$X$ is a Toronto space if for every $Y \subseteq X$ such that $|Y|=|X|$ then $Y$ is homeomorphic to $X$.
I am trying to prove that every metrizable Toronto space is discrete. I have the following Ask a Topologist post which contains an overview for the proof. However, it uses concepts from descriptive set theory, in particular something about a Cantor-Bendixson resolution, which I have never heard before nor could find anything about.
Does anyone have any hints/tips on how to prove this? What is a Cantor-Bendixson resolution?
The following is a MathJaxified version of the proof given in the above link:
Let $\DeclareMathOperator{\CL}{cl}X$ be a non-discrete metric Toronto space: it means that if $|X| = \kappa$ and $Y$ is a subset of $X$, $|Y| = \kappa$ then $Y$ is homeomorphic to $X$. Then
There is an isolated point in $X$. (Choose two nonempty disjoint open sets $U$, $V$ in $X$. Then the union of $X \setminus U$ and $X \setminus V$ is $X$, hence at least one of these sets has cardinality $\kappa$: assume it is $X \setminus V$. If $y$ is a point in $U$ then $Y = (X \setminus V) \cup \{y\}$ is homeomorphic to $X$ and has an isolated point.)

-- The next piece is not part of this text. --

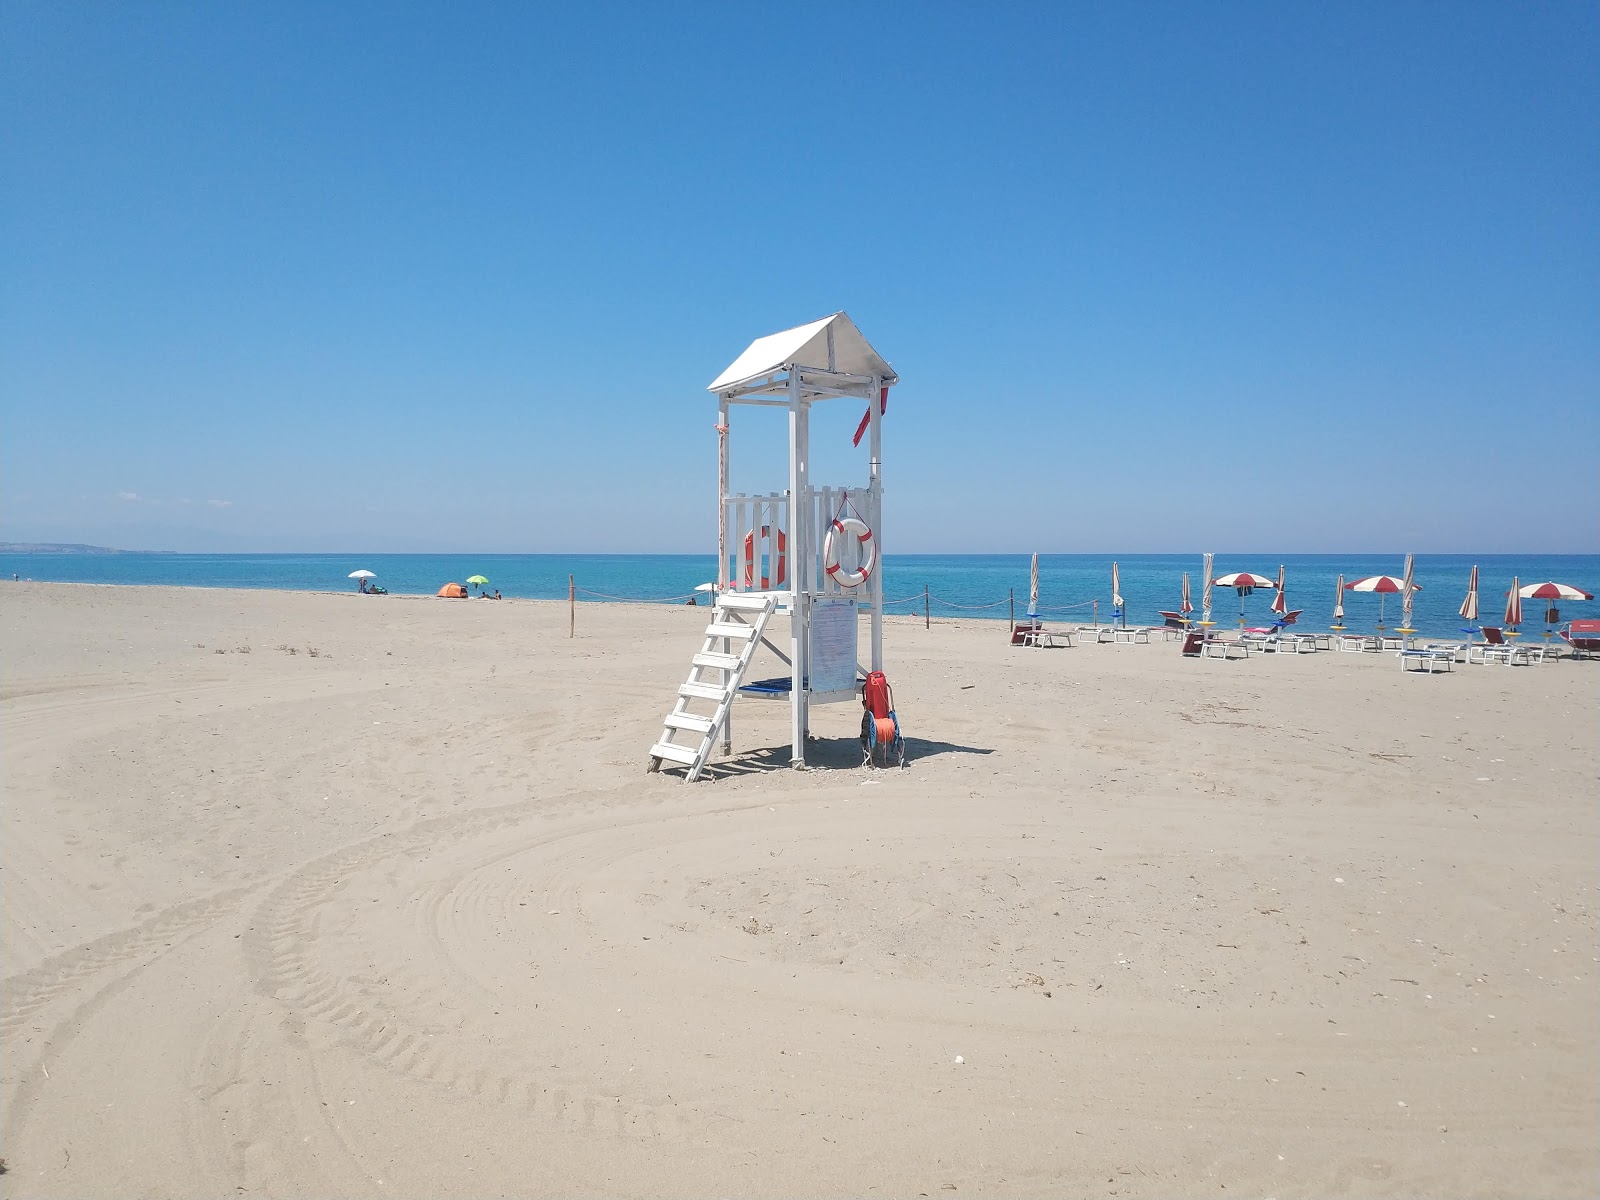 Photo de Mandatoriccio-Campana beach - endroit populaire parmi les connaisseurs de la détente

The set $S$ of isolated points is dense in $X$. (If $\CL(S)$ has cardinality $\kappa$, then we are done. Otherwise $X \setminus \CL(S)$ has cardinality $\kappa$ and does not contain an isolated point, contrary to 1.)
It follows that if $X$ is not discrete then $|S| = \lambda < \kappa$, specially the density of $X$ is less than $\kappa$.
$X$ is scattered. (For $Y$ subset $X$ let $S(Y)$ denote the set of isolated points in $Y$. Then put $S_0 = S(X)$, $S_\alpha = S(X \setminus \bigcup \{ S_\beta : \beta < \alpha \})$ for $\alpha < \kappa$. As $|S_\alpha| = \lambda$ for every $\alpha < \kappa$, $S_\alpha$ is dense and open in $X \setminus \bigcup \{ S_\beta : \beta < \alpha \}$. Put $Y = \bigcup \{ S_\beta : \beta < \alpha \}$. Thus we get a Cantor-Bendixson resolution of $Y$.)
Up to this point, we used only that $X$ is Hausdorff. If $X$ is metric then (as the weight and density of a metric space are equal and the cardinality of a scattered space is less or equal to its weight, we get a contradiction: $\kappa = |X| \leq \text{density of }X \leq \lambda < \kappa$.